Смекни!
smekni.com

Художественное своеобразие "русских романов" В. Набокова (стр. 12 из 18)

«Воспроизводя в романе гностический топос, Набоков помимо того подспудно дает понять, что концепция зла соприродна содержанию романа и, больше того, имеет метафизические корни» [3, 112]. Наиболее ясно проступают они в эпизодах, связанных с женитьбой героя, но и прежде перед глазами читателя появляются, скажем, более нейтрально, «оккультные» знаки. Впервые обнаружив страстное увлечение сына, Лужин-старший замечает: «Он не просто забавляется шахматами, он священнодействует». И сразу вслед за тем складывается такая картина: «Мохнатая, толстобрюхая ночница с горящими глазками, ударившись о лампу, упала на стол. Легко прошумел ветер по саду. В гостиной тонко заиграли часы и пробили двенадцать» [47, 35]. Тут все подтверждает отцовскую реплику: бабочки нередко выступают у Набокова (скажем, в мемуарах, да и в целом ряде романов) как особый символ циклов судьбы; легкий ветерок можно воспринимать как пародию на распространенный (нередко в слишком очевидной форме) в символической литературе образ потусторонности, например, в «Непрошенной» М. Метерлинка, «Первой симфонии» Андрея Белого; а часы, бьющие полночь, это тоже клишированный образ, указывающий на роковой поворот судьбы. Пародийные обертоны могут натолкнуть читателя на ложное предположение, что автор в скрытой форме понижает таким образом роль оккультного начала в жизни Лужина. Но энтомологическая деталь восстает против такого толкования и убеждает, что оккультное есть подлинная сила в мире, где обитает Лужин.

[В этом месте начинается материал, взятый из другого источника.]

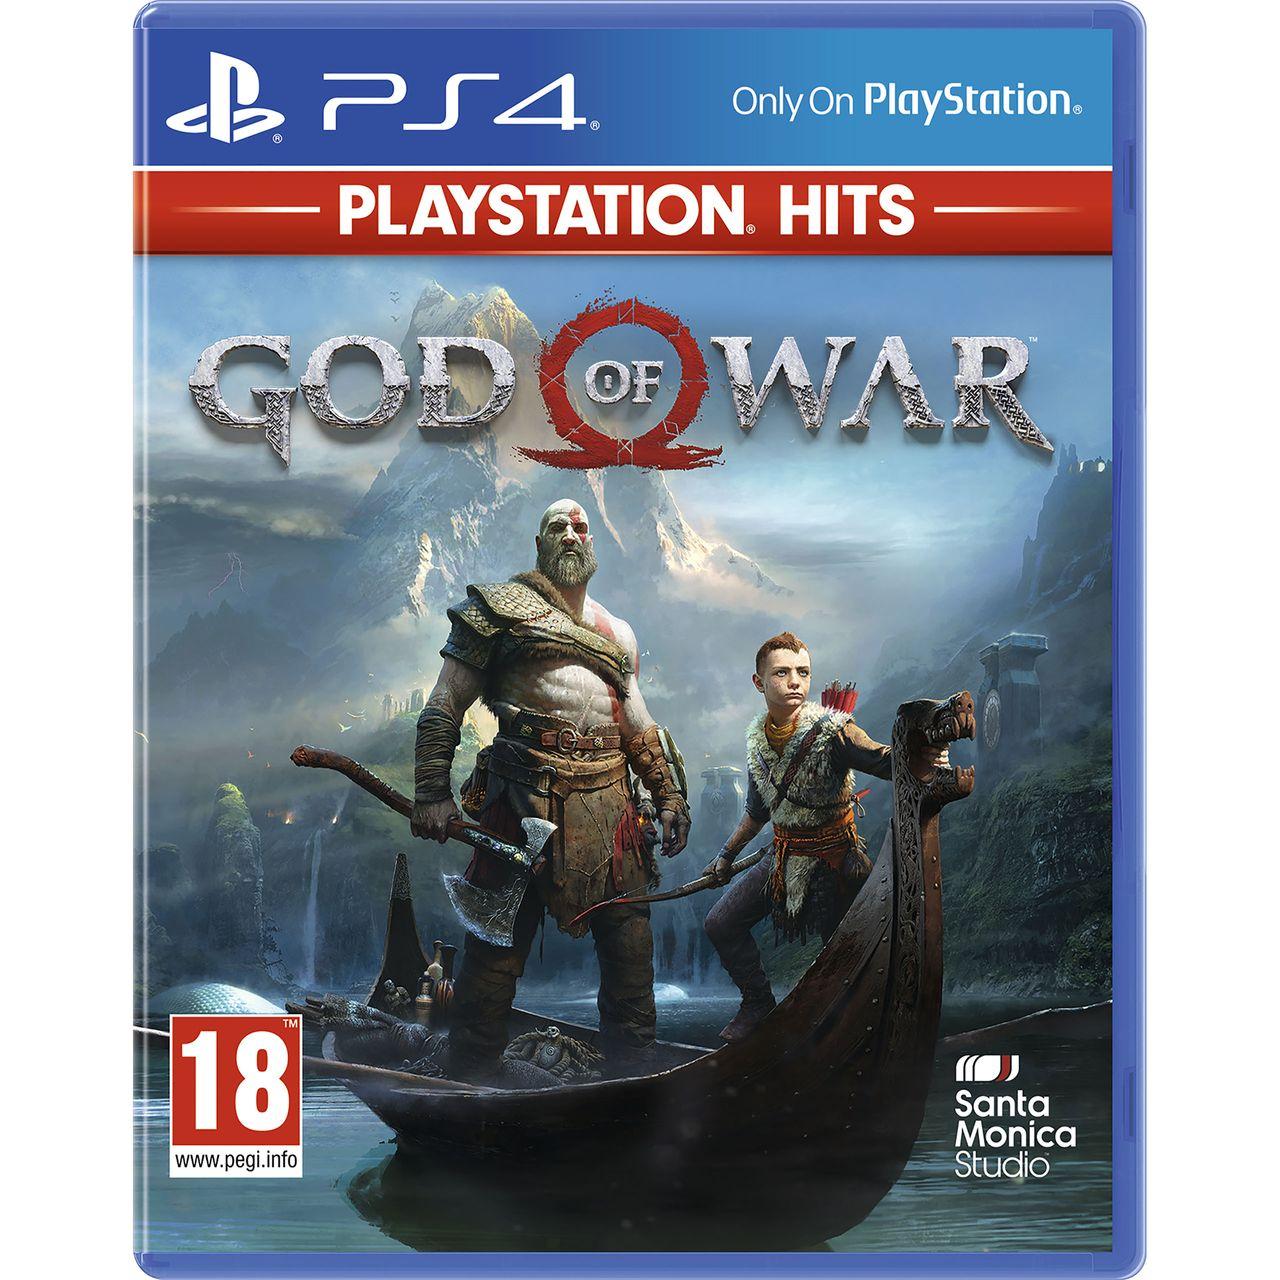 God Of War Playstation Hits (PS4) - £10 Delivered @ AO
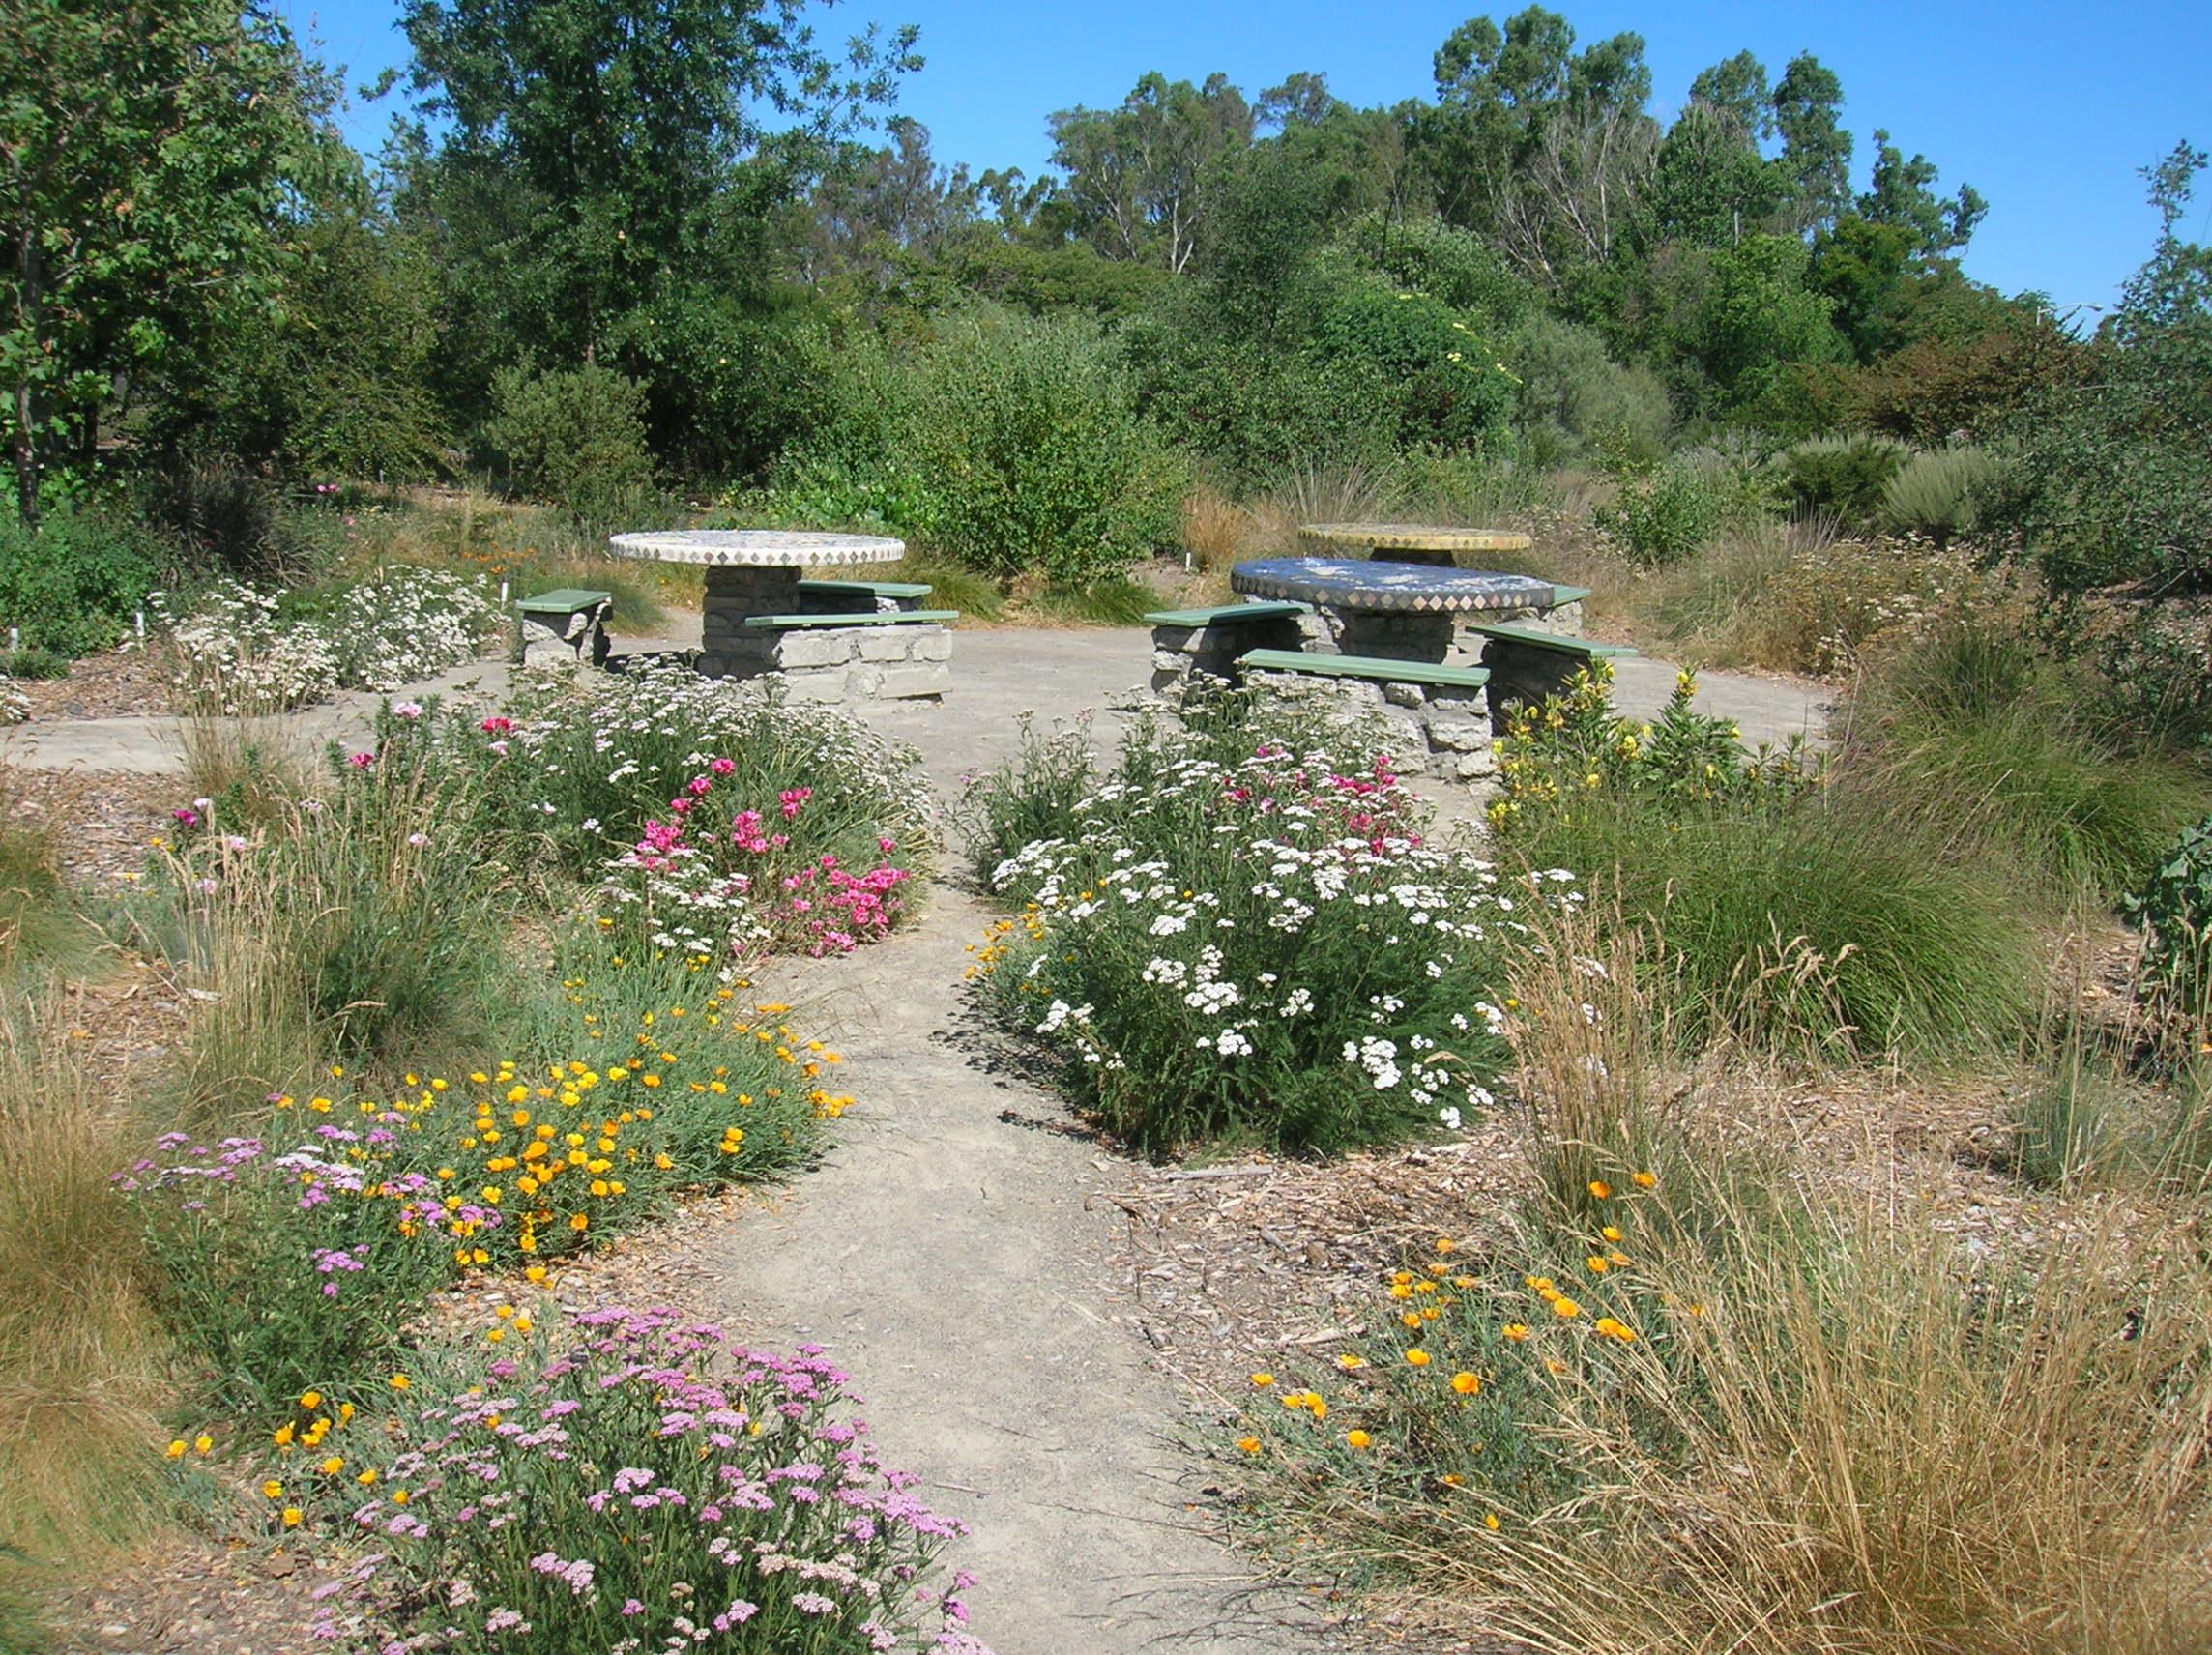 The Granada Native Garden Newsletter A Demonstration Garden for

По крайней мере один из ликов этой силы явлен в описании квартиры, где Лужину предстоит поселиться с женой. Описывая столовую, повествователь вскользь замечает: «Над столом одинокий пушистый чертик повисал с низкой лампы» [47, 101]. Никаких комментариев к этой весьма причудливой детали не следует; похоже, ни Лужин, ни невеста просто ее не замечают, а повествователь поспешно обращается к более привычным объектам домашнего убранства. Но потом, накануне брачной ночи, Лужин усаживает на стол плюшевую собачонку, найденную где-то в квартире, и «сразу к ней спустился, как паук, пушистый чертик, повисший с лампы» [47, 106]. И снова странный этот эпизод проходит словно незамеченным - ни повествователем, ни героями. Однако же читатель не может не увидеть повторяемости и настораживается. И действительно, почти сразу же следует описание удивительного, похожего на транс состояния, в которое погружается жена Лужина: «Ох, я устала», - улыбнулась она и долго следила глазами за крупной, вялой мухой, которая, безнадежно жужжа, летала вокруг мавританской лампы, а потом куда-то исчезла» [47, 106]. «Одно из библейских прозваний Сатаны - Вельзевул, что значит «повелитель мух», так что сцена, возможно, должна вызывать определенные ассоциации» [19, 53]. Больше того, лампа уже не в первый раз ассоциируется с символикой зла, так что соблазнительно было бы заключить, что и тут осуществляется гностическая идея, будто свет падшего, материального мира - свет ложный (и воплощающий зло, ибо усиливает связь с материей), в отличие от подлинного света мира, где царствует. Таким образом, жилище, выступающее синекдохой лужинской женитьбы и земного существования и, стало быть, долженствующее символизировать покой и уют, оборачивается ловушкой. Намек на это, возможно, содержится и в пространном описании плана квартиры, напоминающей лабиринт. Долгое жужжание мухи, которая летает кругами неподалеку от задремавшей жены, намекает на засасывающую повторяемость, не дающую развернуться жизни духа. Все вместе это неотвратимо предвещает черную пелену, которая окутала Лужина в этом доме.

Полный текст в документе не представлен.